Thursday 1 August 2013

Picking the low hanging fruit. Literary critiques, you can do better.


A whole new bucket of crazy has been tipped on Romance novels.

Romance writers are NOT overreacting or 'too sensitive'. We are FED UP. That's why we react the way we do when literary fiction sniggers at romance, like my previous post about Margaret Atwood's claim that romance writers, especially those who write for Mills and Boon, follow a mad-lib type formula.

Heidi Cullinan has done a superb job of taking the 'criticism' apart, in which Lit-lover and romance shunner Kelly Bohan compared Nora Roberts to Vladimir Nabokov.

Ahhh the halcyon days of being a university student, when I was so keen to impress people I hid my uncultured tastes and joined in the snobbery with abandon.

Now it's my turn.

I shall compare an Imperial Mandarin to a slice of gorgonzola in an effort to sound completely superior to everyone on the planet.

Just as Nora and Vlad write BOOKS, so they can be compared (?) I'm writing about two FOODS things that are seemingly unrelated and for completely different tastes.
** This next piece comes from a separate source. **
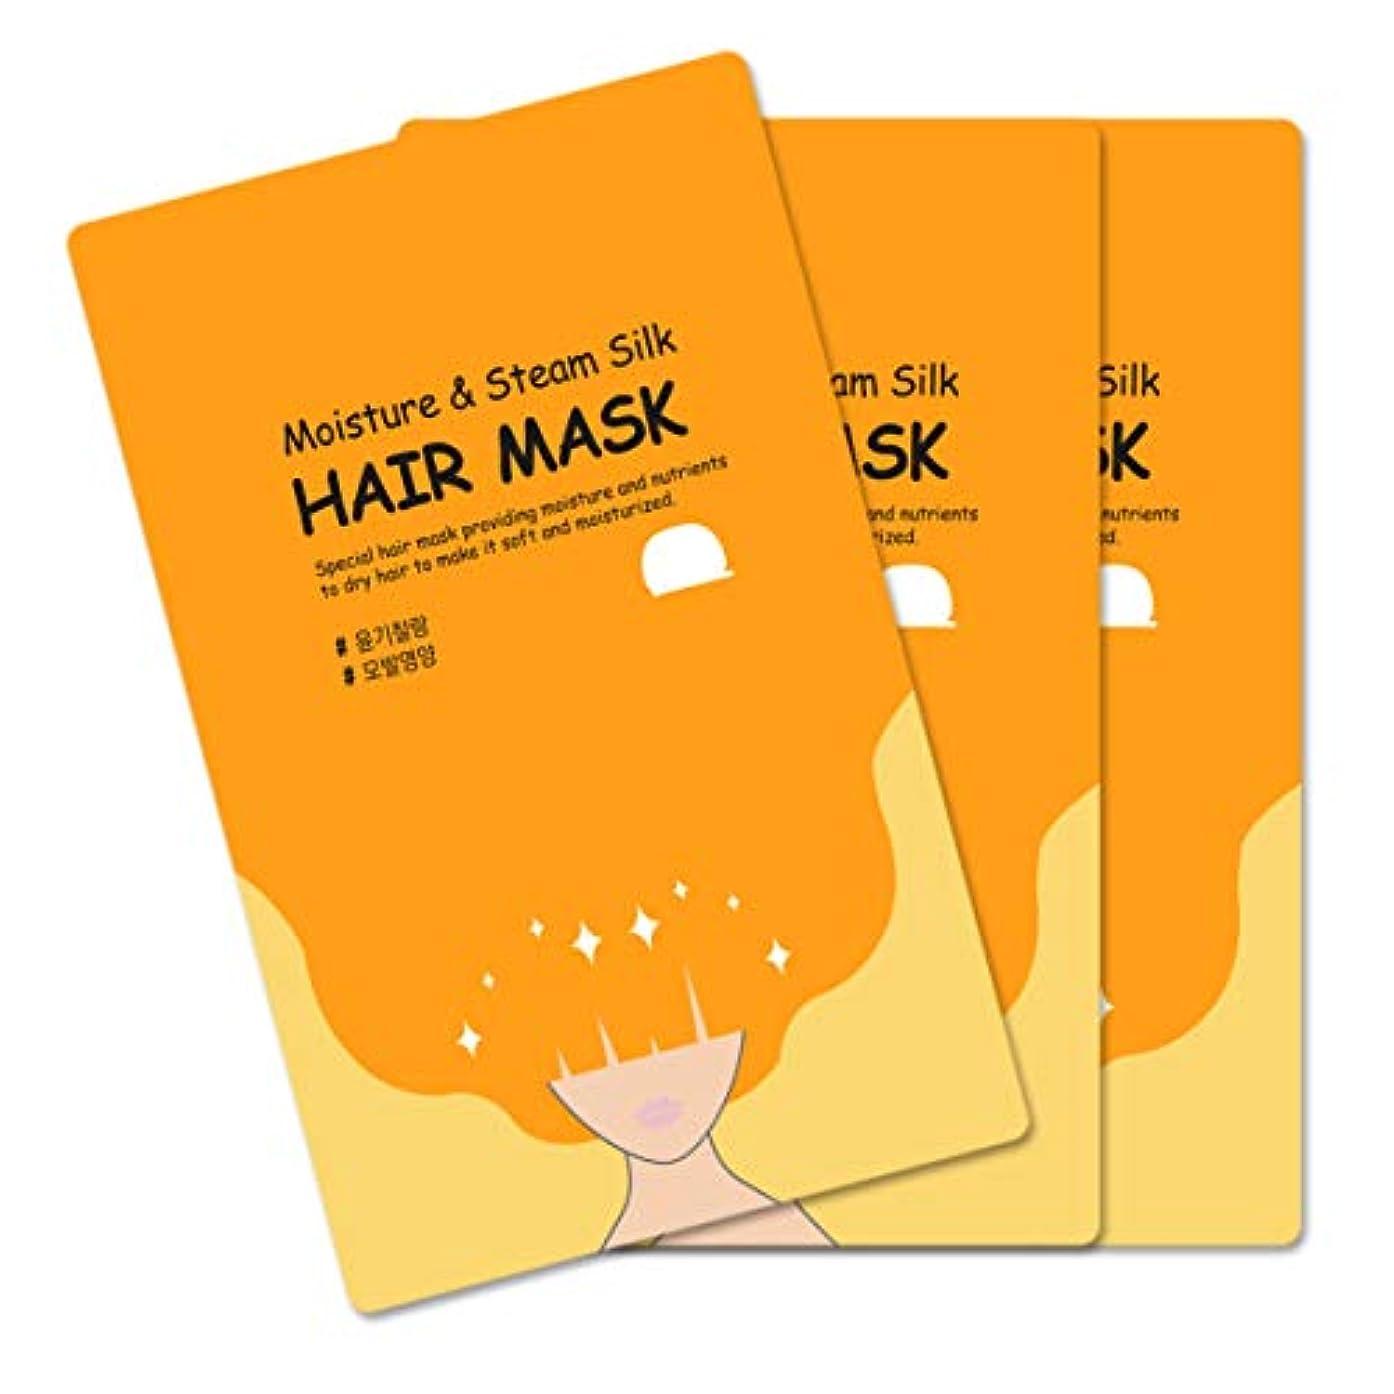 スキップバッグ着服[CNF] SHES LAB(シーズラップ) モイスチャー&スチームシルク ヘアー マスク 3枚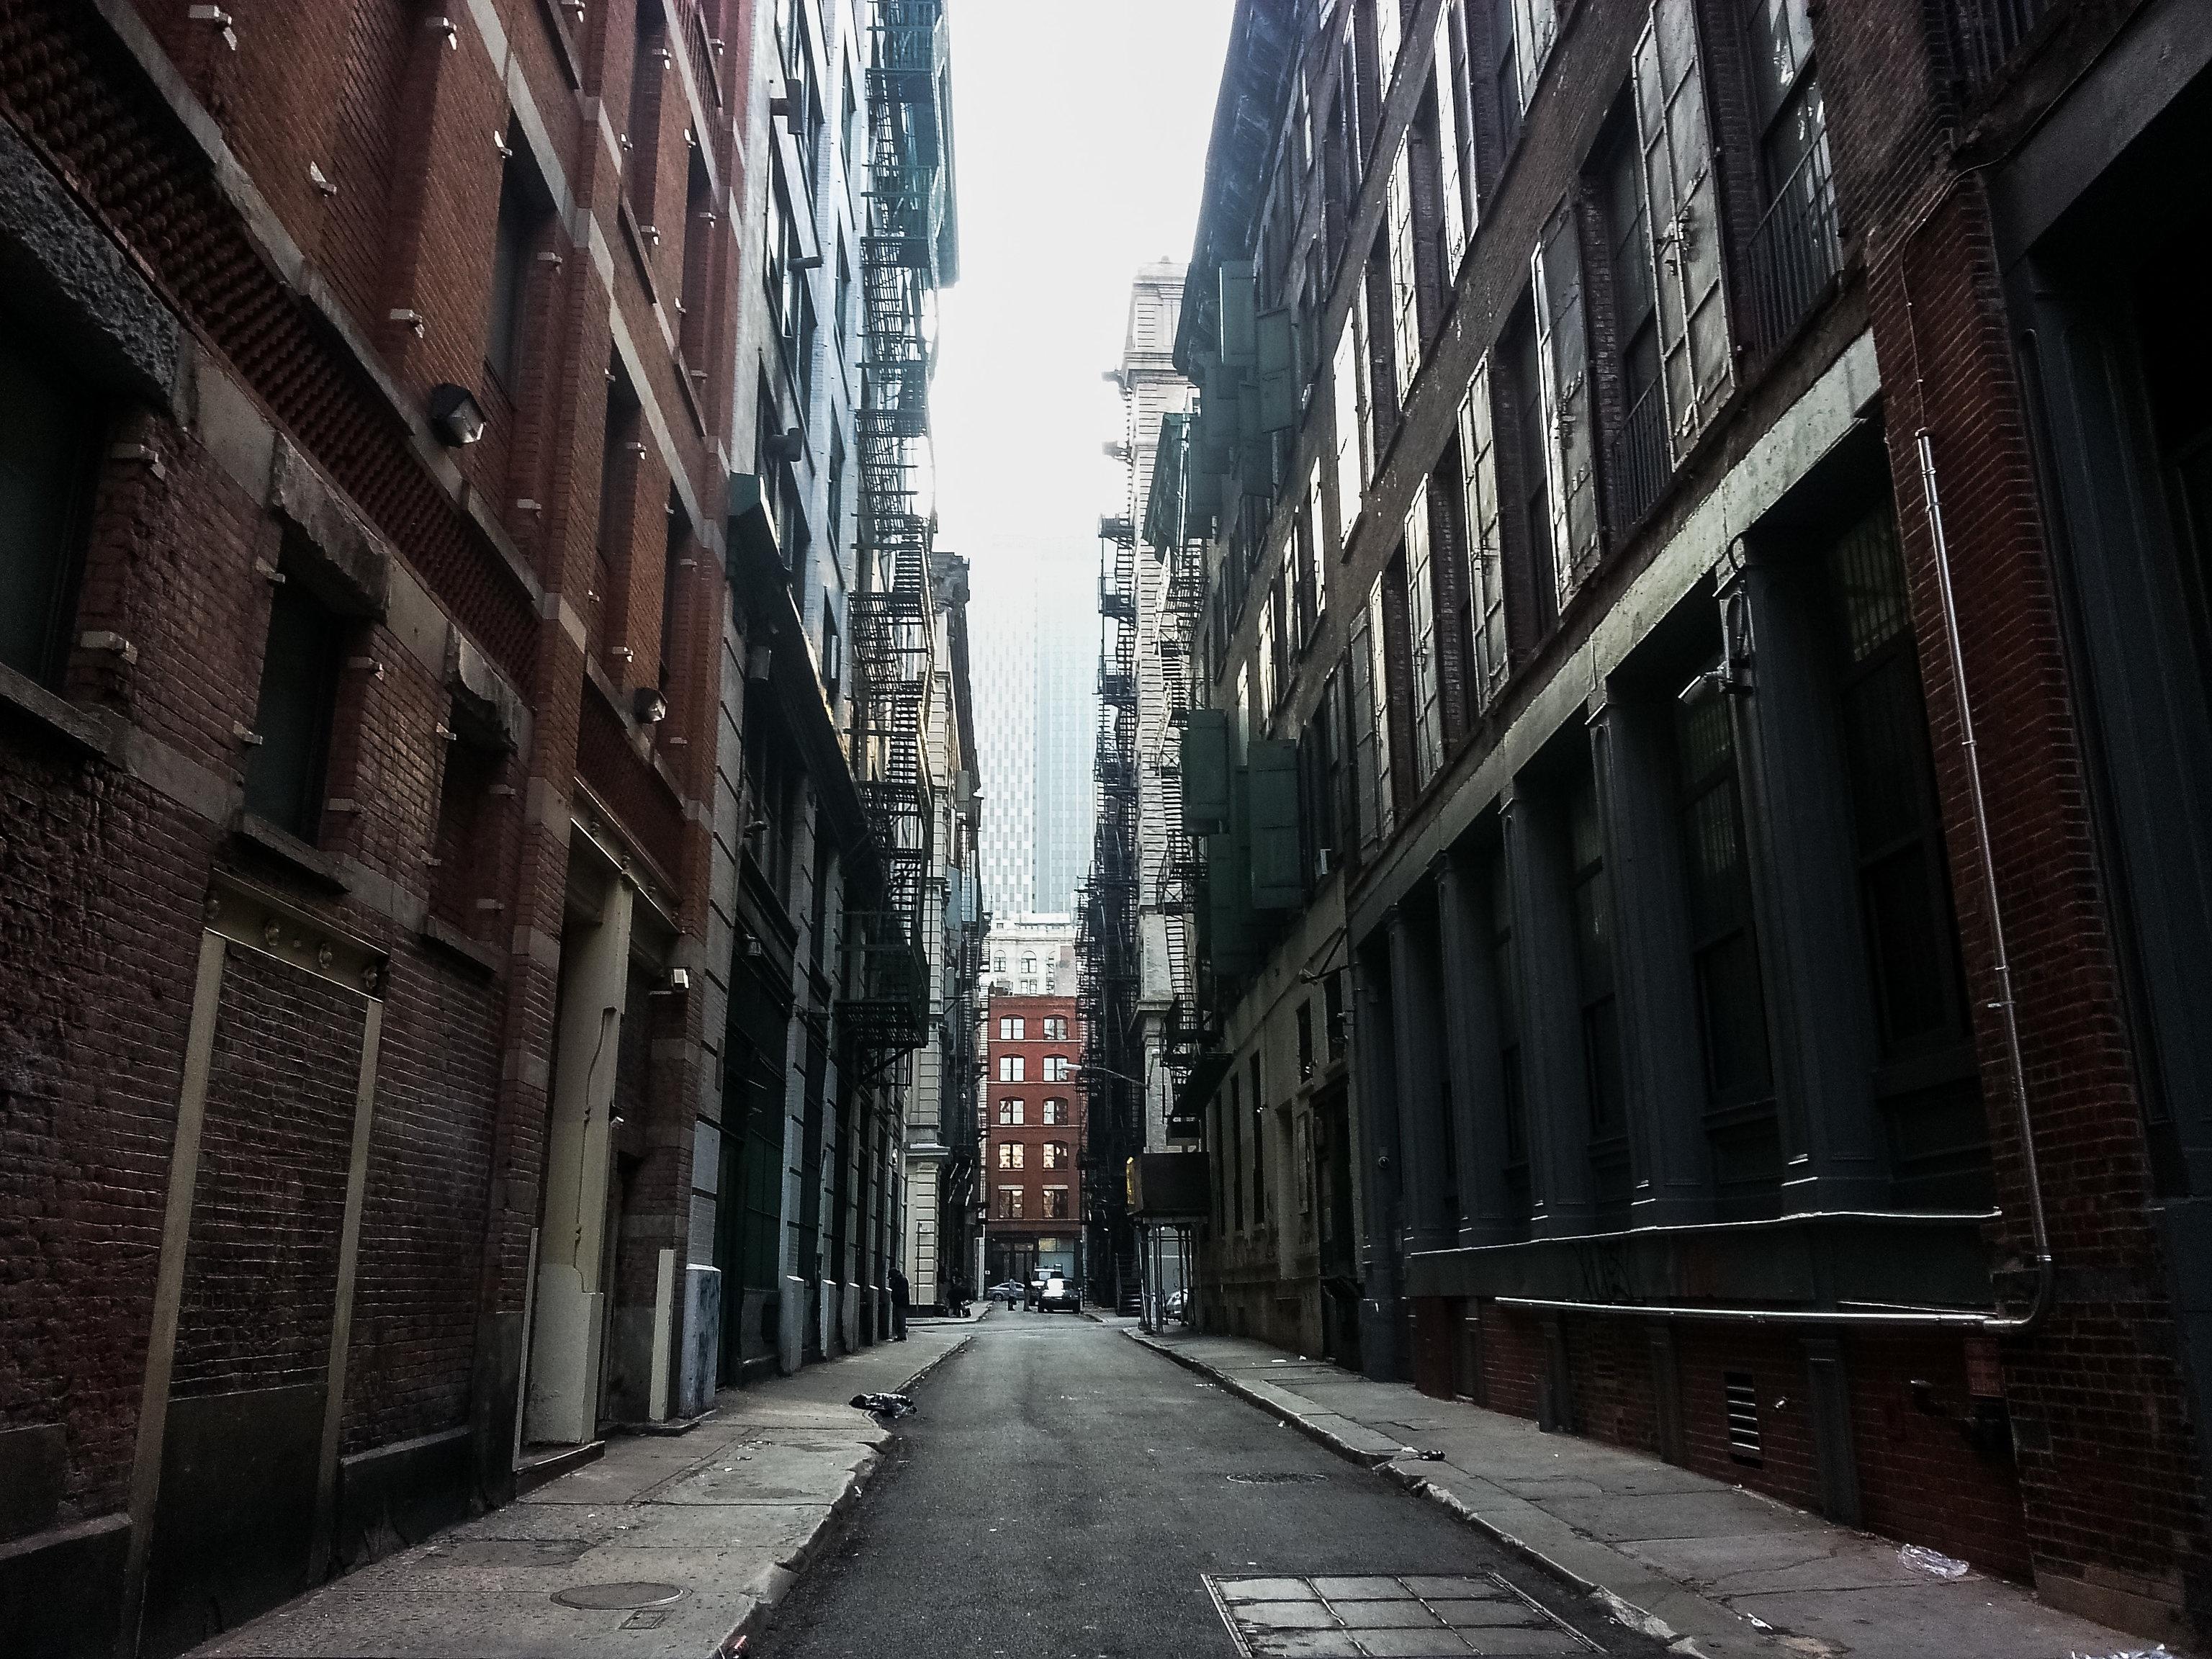 Cortlandt Alley: het enige steegje in New York dat je ooit hebt gezien

But hey, they're both for consuming, so why not eh?

"I was talking food with a friend the other day and somehow the topic of citrus came up. I mean, this is such a popular thing, and everyone's into it, but really, eaters have no taste. No taste at all.

I stumbled upon a mandarin at the shopping centre. They're the number one all time selling citrus, apparently (I wouldn't know, being such a food snob). Somehow the ended up in my trolley. This is by means of explaining that I didn't voluntarily get something popular. It just happened that way.

The skin was so soft and dimpled, it quite perplexed me. Then of course I realised it must be the ease of use which appeals to so many people. You don't have to THINK when peeling a mandarin, it all comes apart in your hands. You don't even have to work for it.

Which it why I always want to come back to gorgonzola. The difficulty to get inside makes the eating all the more rewarding for solving the puzzle of the rind. Also, it's not for immediately savouring. One simply must remove the rind and allow this most beautiful and ancient of cheeses to sit on the bench, stinking up the place, so that everyone can truly absorb how very important this cheese is.

Sure, there is a lucrative market for citrus, and that must be why it's so popular. But for the truly gourmet experience, the pure level of human suffering, you can't go past a particularly odious slice of gorgonzola."



2 comments:

Heather said...

Fantastic analogy, and so fitting, I love it! And hooray for you for 'taking your turn'. ;)

Ebony McKenna. said...

Thank you Heather,
every now and then I let the 'rant' out. It does me the world of good.